The detection gap is especially serious. FTX lacked prompt visibility into private key access, root login activity and network traffic that would have supported investigation. GuardDuty was not enabled on at least part of the estate and VPC flow logs did not capture permitted traffic. That left incident responders without the telemetry needed to detect or reconstruct attacker activity in a timely manner. As in SkySiege’s assessments, baseline cloud detections including root-account monitoring are not optional controls.
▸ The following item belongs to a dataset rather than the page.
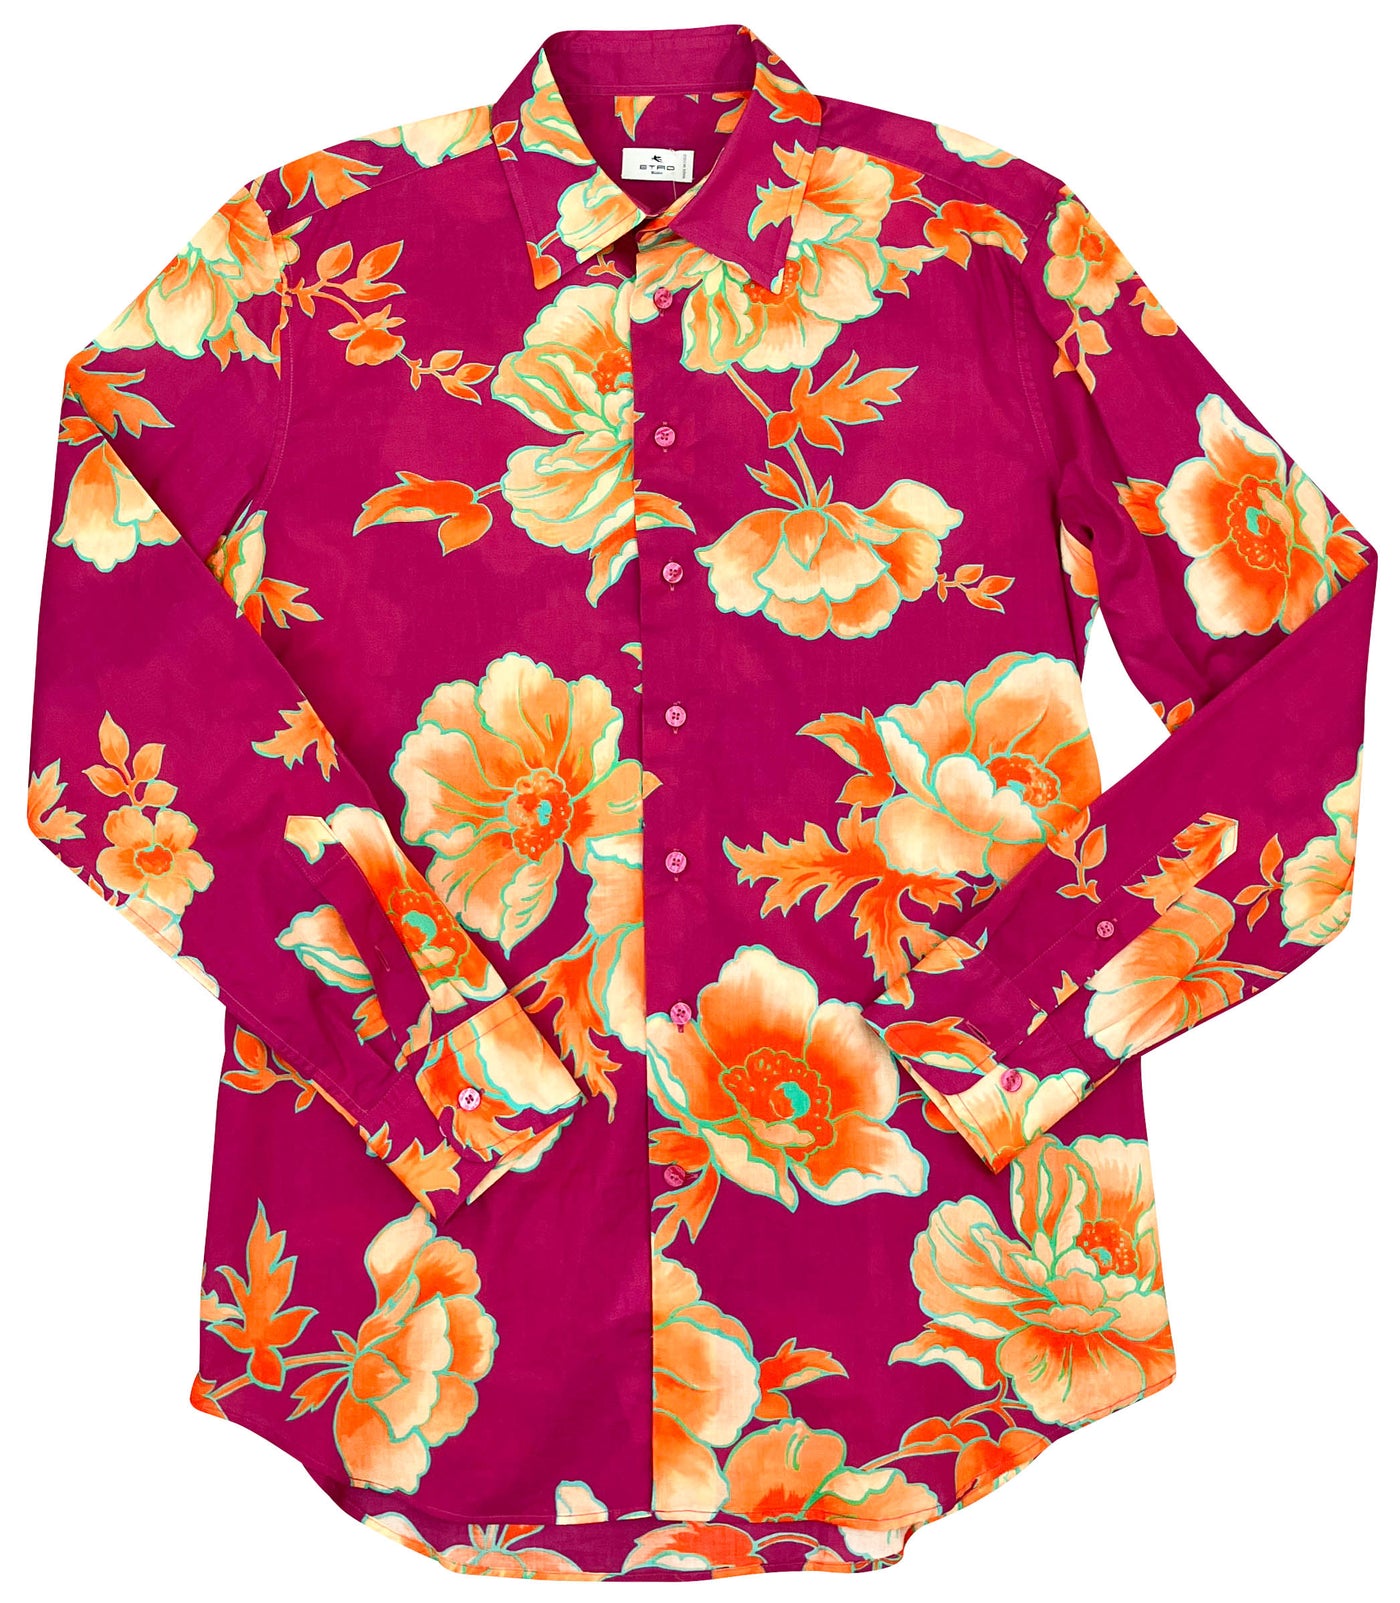 Etro Floral Button Down Shirt in Magenta/Orange - Discounts on Etro at UAL

The governance weakness is equally important. Separate entities sharing one AWS account is a clear control failure, especially where different data sensitivity levels and customer-value assets coexist. That design magnifies blast radius, frustrates least privilege and creates avoidable legal, compliance and operational exposure. In a due-diligence context, this signals poor leadership oversight, weak engineering discipline and elevated deal risk.
The business impact extends beyond the immediate theft. Most of the funds remain unrecovered, forensic analysis is ongoing and the report suggests billions more could have been at risk. For any enterprise operating a financial, custodial or regulated platform, these conditions create direct financial loss, reputational damage, customer trust erosion and likely scrutiny over whether minimum duty-of-care controls were ever in place.